A Pro-Trump Militant Group Has Recruited Thousands of Police, Soldiers, and Veterans
[Stewart] Rhodes was a little-known libertarian blogger when he launched the Oath Keepers in early 2009. It was a moment of anxiety on the American right: As the Great Recession raged, protesters met the new president with accusations of socialism and tyranny. “The greatest threats to our liberty do not come from without,” Rhodes wrote online, “but from within.” Republicans had spent eight years amassing power in an executive branch now occupied by Barack Obama. The time for politics was ending. “Our would-be slave masters are greatly underestimating the resolve and military capability of the people,” Rhodes wrote.
Rhodes had joined the military just out of high school, hoping to become a Green Beret, but his career was cut short when he fractured his spine during a parachute training jump. After his discharge, he worked as a firearms instructor and parked cars as a valet. In 1993, he dropped a loaded handgun and it shot him in the face, blinding him in his left eye. The brush with death inspired him, at 28, to enroll in community college. He went on to the University of Nevada at Las Vegas, where he graduated summa cum laude, and then to Yale Law School, where he won a prize for a paper arguing that the Bush administration’s enemy-combatant doctrine violated the Constitution.
He married a fellow libertarian, started a family, and hung out a shingle as a lawyer in Montana—“Ivy League quality … without Ivy League expense,” read a classified ad in 2008. He volunteered for Ron Paul’s presidential campaign that year. But after the election, he veered from politics toward something darker.
His blog post was both a manifesto and a recruiting pitch. He based it on the oath that soldiers take when they enlist—minimizing the vow to obey the president and focusing on the one that comes before it, to “support and defend the Constitution against all enemies, foreign and domestic.” Law-enforcement officers swear a similar oath, and Rhodes wrote that both groups could refuse orders, including those related to gun control, that would enable tyranny.
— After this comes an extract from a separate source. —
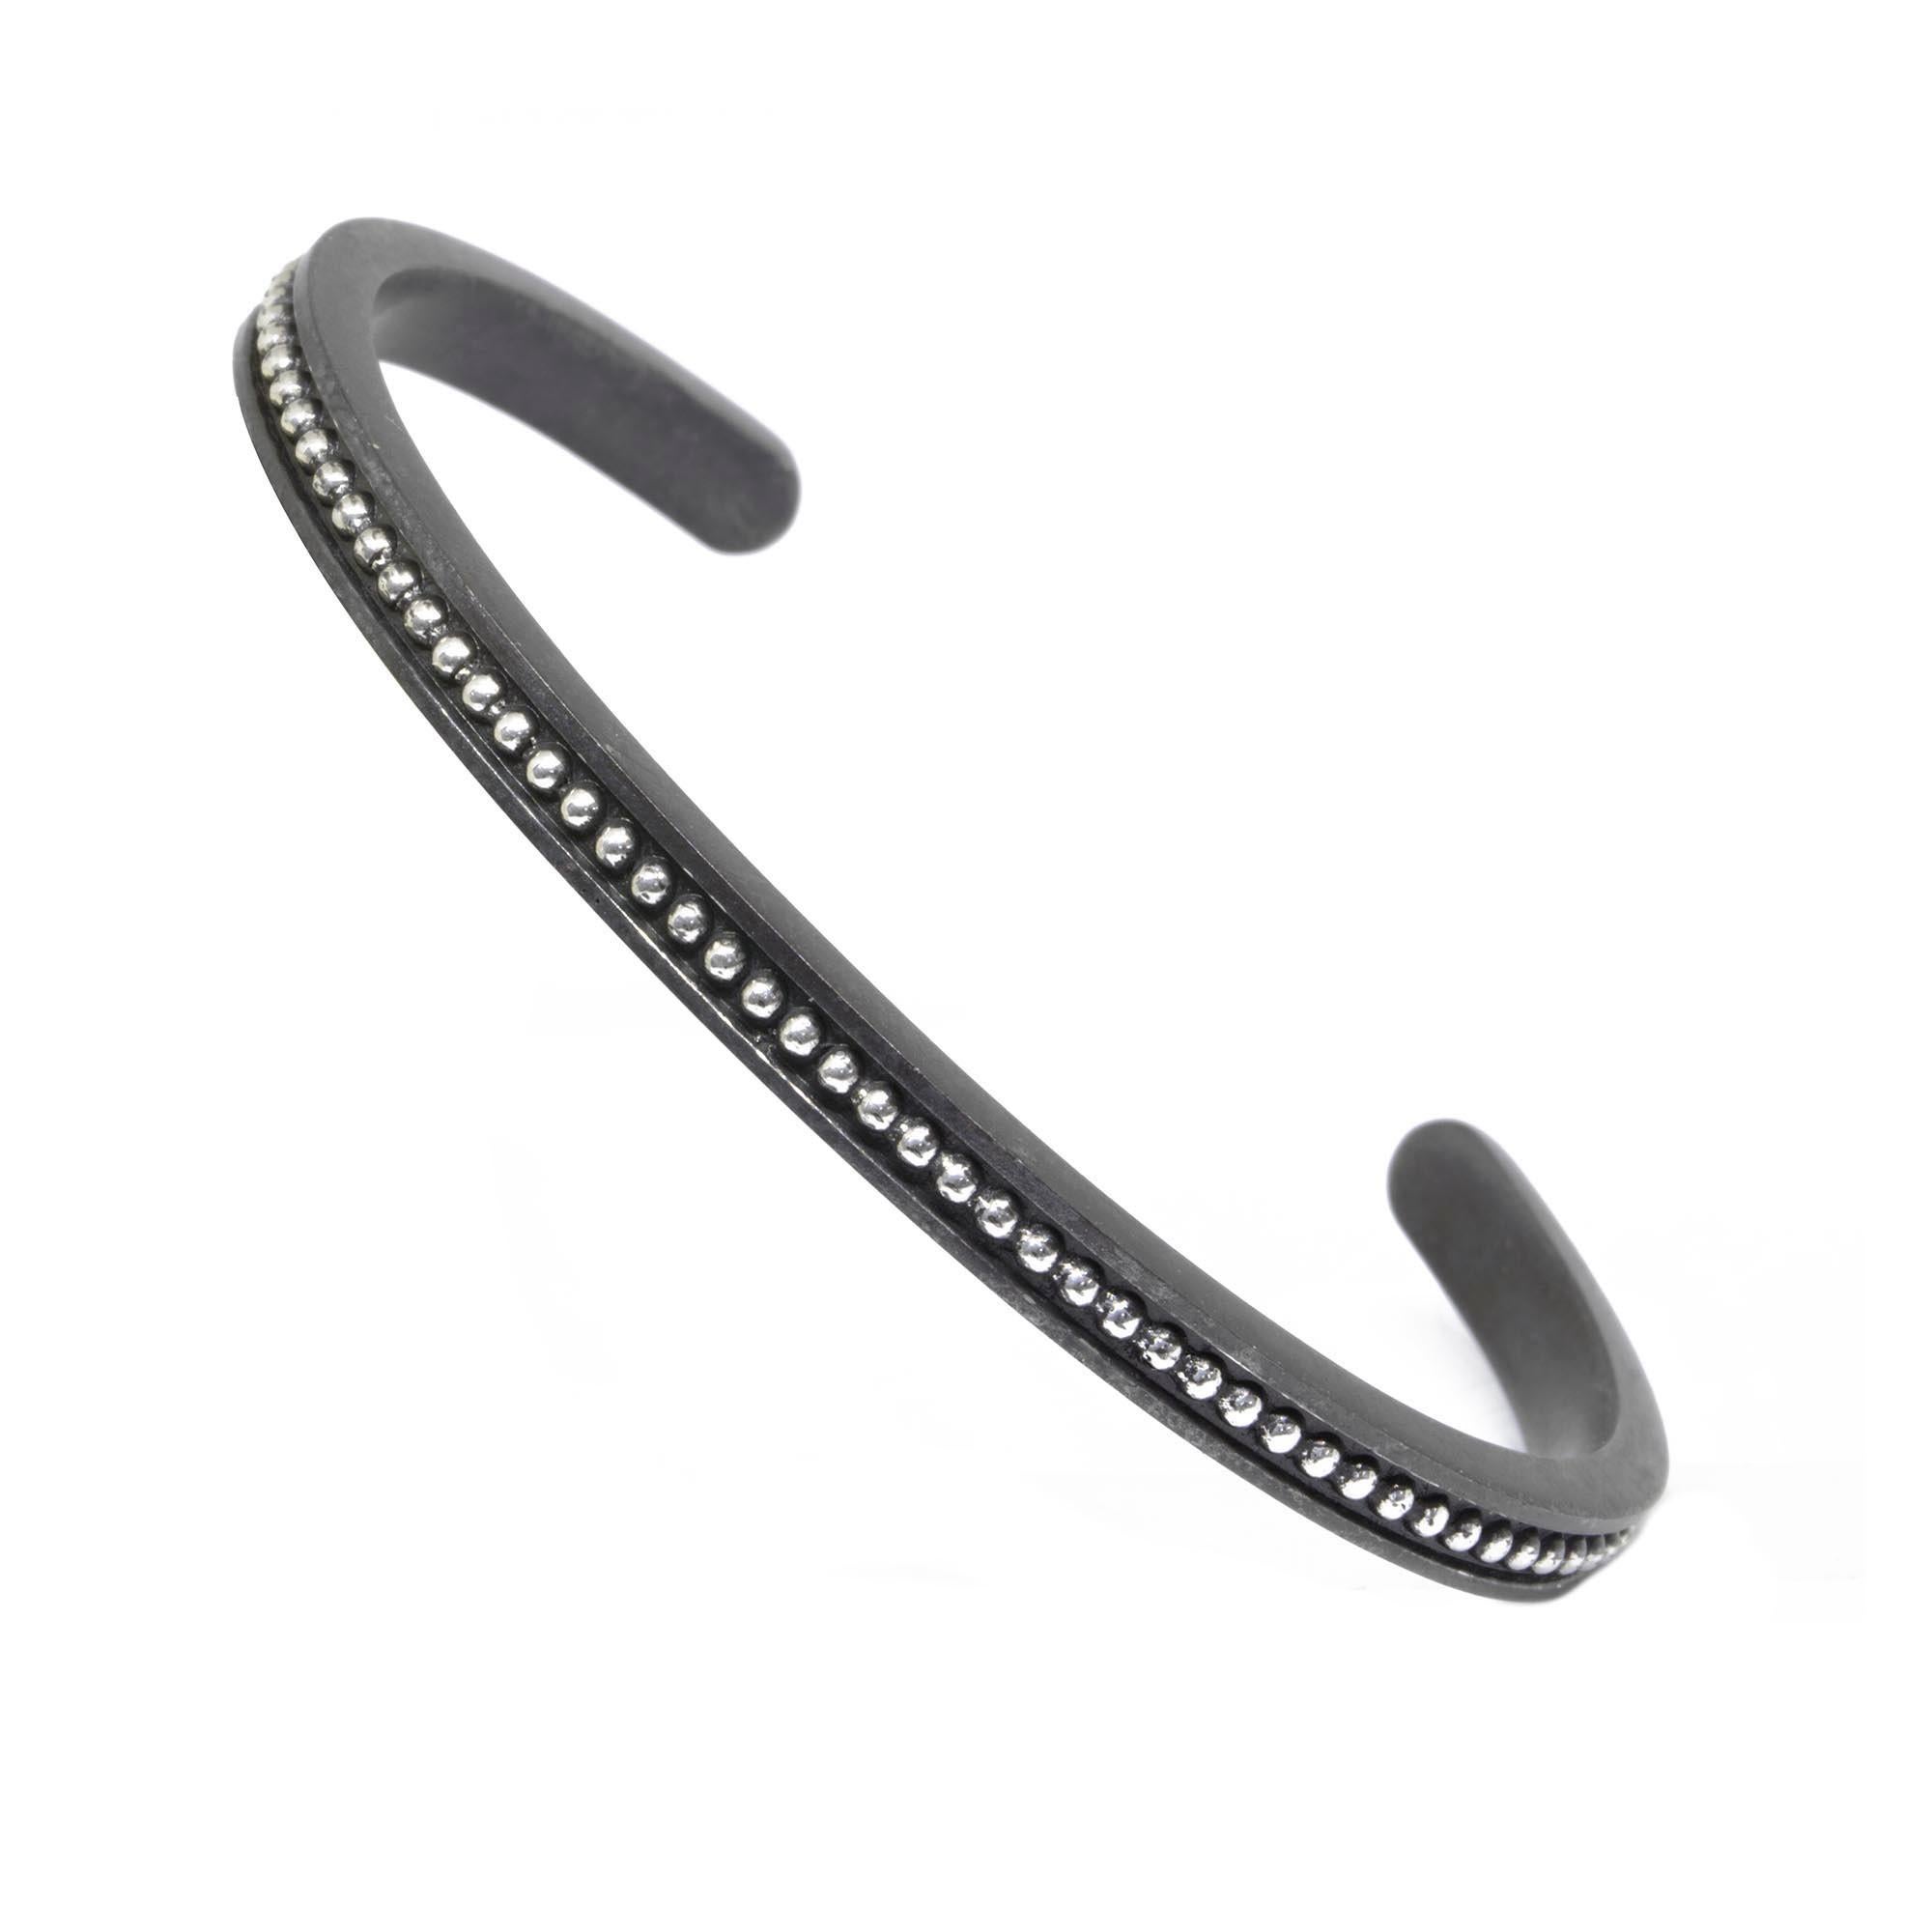 Start your Nina Nguyen collection here. A jewelry wardrobe essential to anchor any bracelet stack, this slender cuff pairs blackened silver with lighter, lustrous sliver granules. Combining a classic design with chic details and a neutral metallic

And, if necessary, they could fight.
Responses poured in, and Rhodes published them on his blog:
“Your message is spreading and I will make sure it gets to more Marines.”
“Not only will I refuse any unlawful order that violates the Constitution I will fight the tyrants that give the orders. Rest assured that me and my brothers in Law Enforcement talk about this subject on a regular basis.”
“I fully support you and what you stand for and I do talk about these things with some of my subordinates,” an Air Force officer wrote. “Those who I trust that is.”
Rhodes kept the nature of the Oath Keepers ambiguous—the group was officially nonpartisan and was not, as a later post on the blog put it, a militia “per se.” Even so, he cautioned that its members would be painted as extremists and said they could remain anonymous. “We don’t ask current-serving law enforcement and military to sign up on any kind of membership list,” he said in a radio interview. “We think that’d be foolish.”
But eventually he did create such a list. It collected members’ names, home and email addresses, phone numbers, and service histories, along with answers to a question about how they could help the Oath Keepers. Last year, the Southern Poverty Law Center passed the entries for nearly 25,000 people along to me.